When to change only one weight. If you are deploying for a use case where the extractor model is fixed and high-quality (e.g., always Sonnet), the extractor weight (0.25) contributes less differentiation than the default assumes. You can safely redistribute some of that weight to source or repetition. Conversely, if your user base generates a lot of preference-style memories and you've found preferences decay faster than the default type prior implies, lower t for Preference and raise it for Event.

Common failure modes

Overconfident junk. Symptom: high-scoring memories that are wrong. Common cause: source strength was set too high because the extraction pipeline classified a paraphrase as a direct statement. A user who said "Acme seems like a good company" has source strength of at most 0.50 (weak inference), not 0.95. If source classification is coarse (binary rather than five-level), every non-obvious statement gets inflated.

Diagnosis: audit the top-50 memories by confidence. For each one, inspect the raw source span and verify the source level assignment. A precision- at-50 below 0.80 means source classification is broken.

Underconfident valuable memories. Symptom: correct memories not being retrieved. Common cause: the repetition counter was reset on a schema migration or dedup pass and n was not restored. A memory that had accumulated n=8 (r≈0.68) now has n=0 (r=0), dropping confidence by 0.20 × 0.68 = 0.136. With a tight retrieval floor, that's enough to fall out of the candidate set.

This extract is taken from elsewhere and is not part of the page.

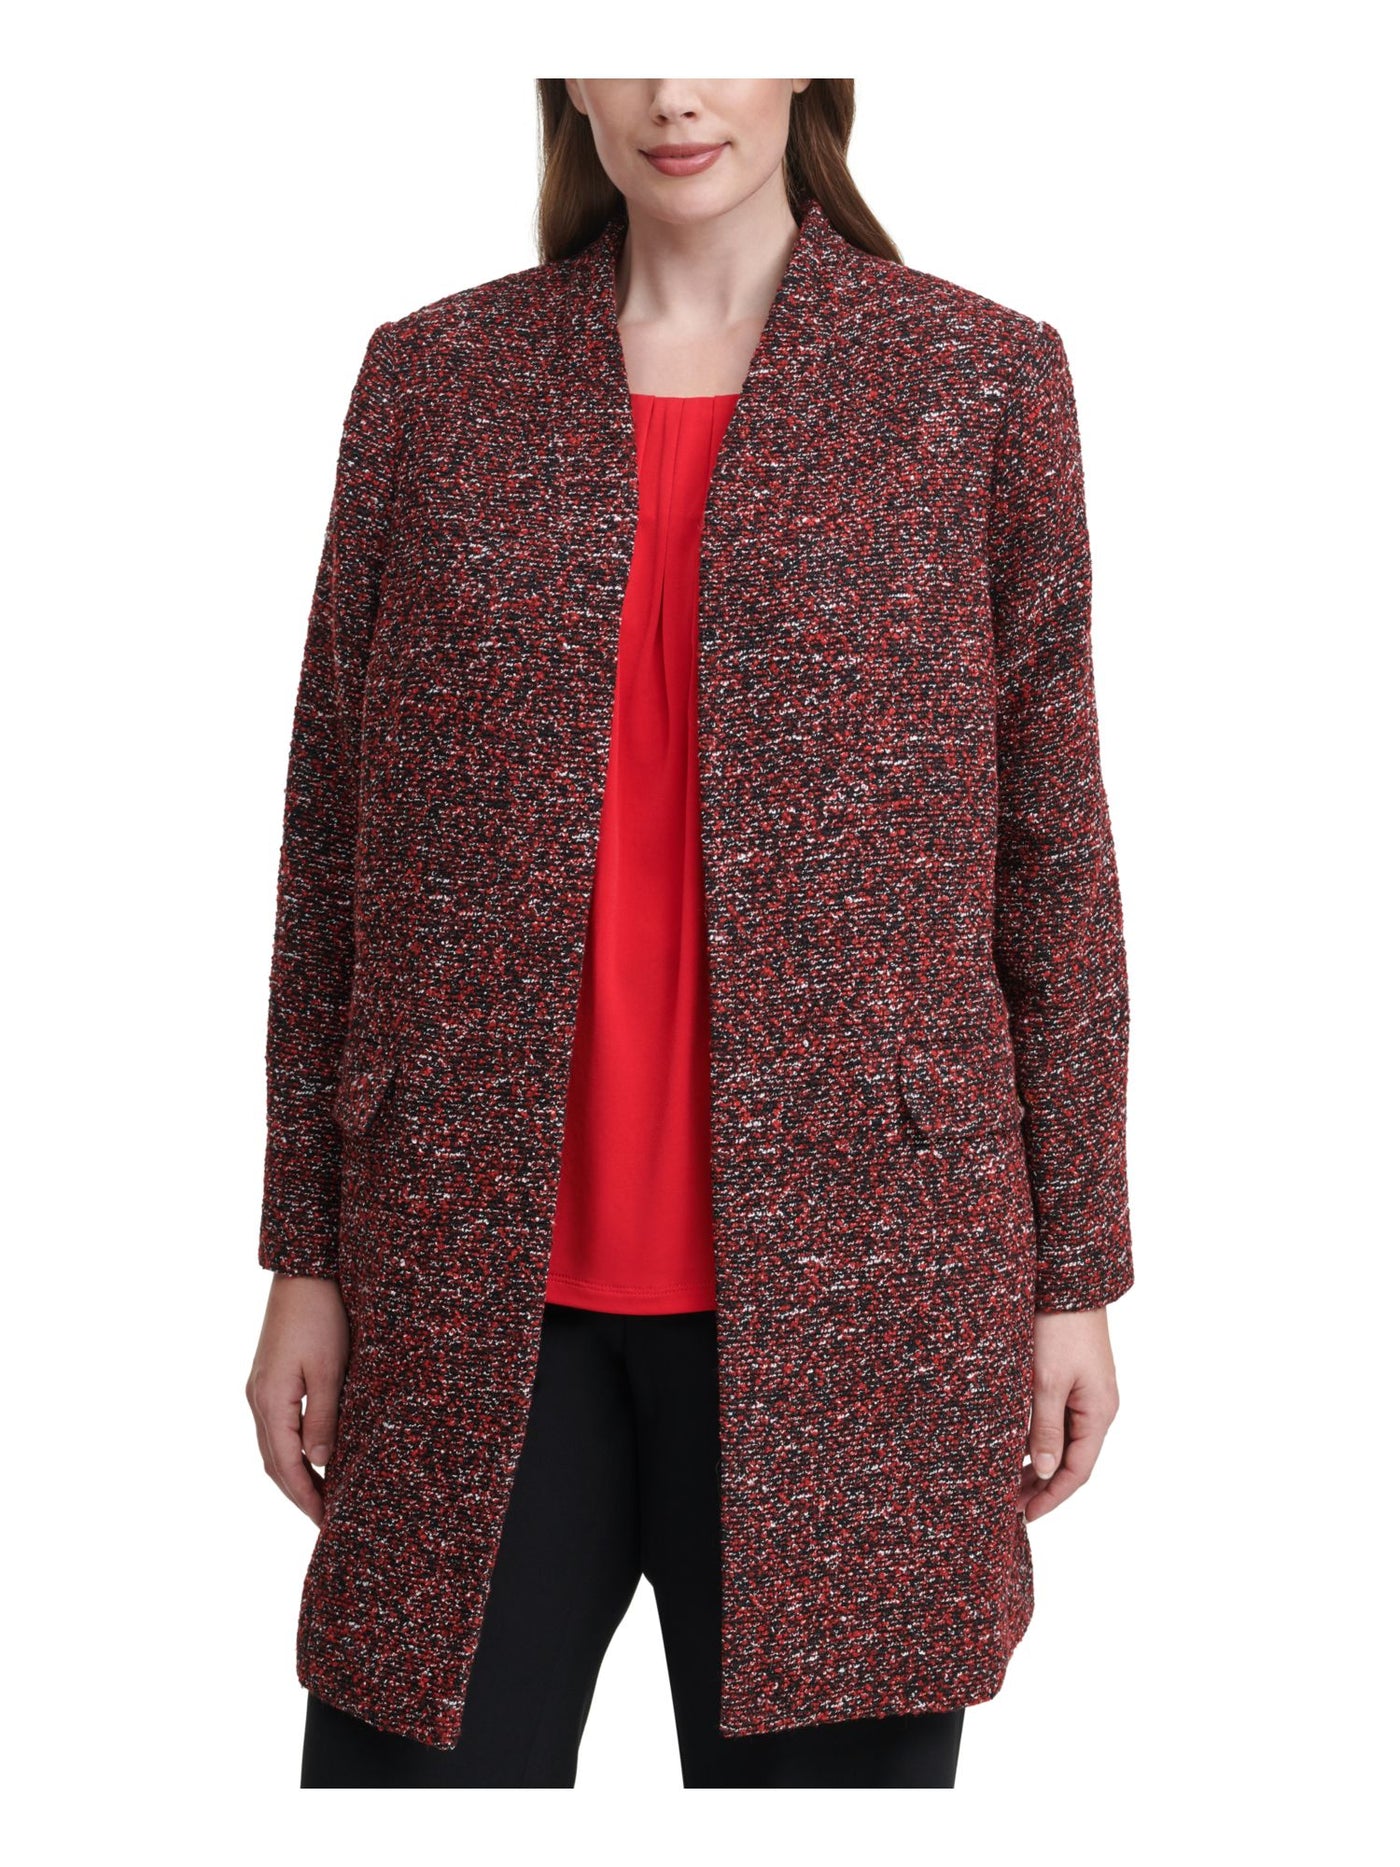 CALVIN KLEIN Womens Red Long Sleeve Open Cardigan Sweater Plus Size: 16W
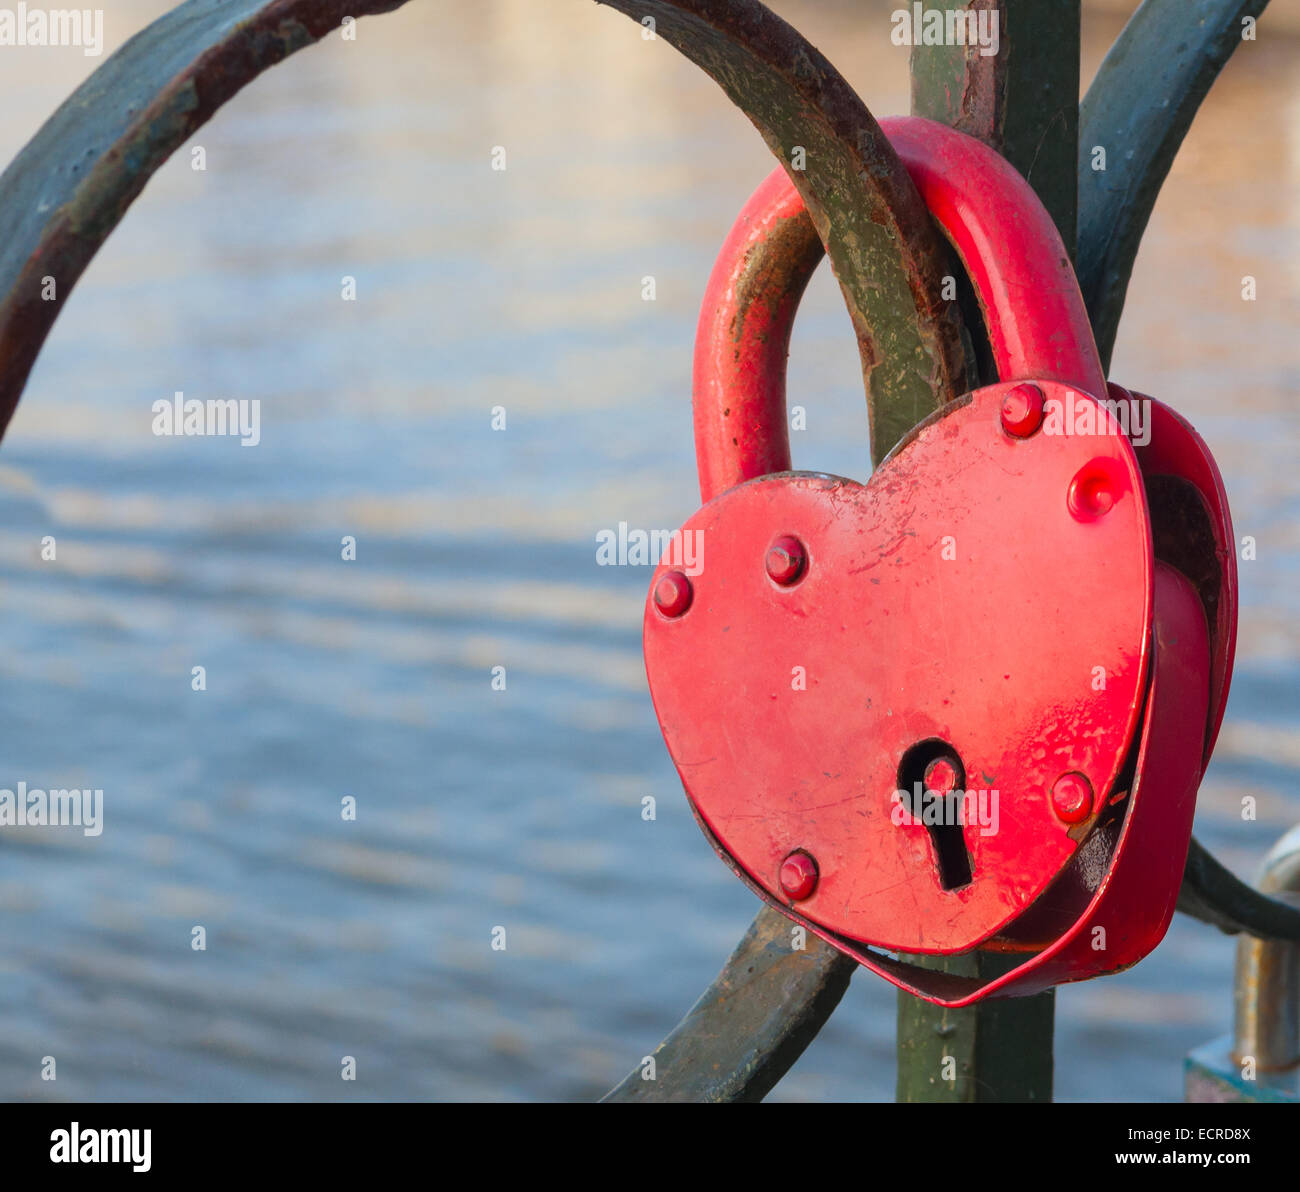 Aged rusty locked heart shaped padlock on metal railing Stock Photo

Diagnosis: pull memories that users reference ("I told you I prefer...") and check their confidence. If correct memories are below 0.5, inspect repetition counts first — they're the component most likely to be zeroed by infrastructure operations.

Confidence stable but wrong. The formula has no mechanism to detect that a previously-true memory has become false. User changed jobs; the Acme memory has conf=0.85 and will stay at 0.85 indefinitely. This is why confidence is paired with freshness decay and concept drift detection. Confidence measures how well the claim was established at write time; it does not measure whether the claim is still true. For volatile facts (job, location, relationship status), pair high confidence with short half-lives or drift monitoring.

Type prior miscategorized. A memory extracted as a Fact that should be a Preference (or vice versa) carries the wrong t. Fact (0.80) vs. Preference (0.75) is only a 0.10 × 0.05 = 0.005 swing, so this is usually noise. But Relation (0.70) vs Entity (0.90) miscategorization produces a 0.10 × 0.20 = 0.02 swing — visible in tight ranking scenarios. Type classification should be validated in the same eval set as weight tuning.

Formula output too flat. If most memories in your store land between 0.55 and 0.70, the formula has low discrimination power. This happens when your extractor always uses the same model (e constant), all memories are from a single source level (s constant), and repetition hasn't had time to build up (r all near 0). In the short run, type prior and small source variation are your only differentiators. The solution is time: repetition builds as the system accumulates sessions. In the short run, tighten the retrieval floor to 0.55 so that the top of your flat distribution still stands out.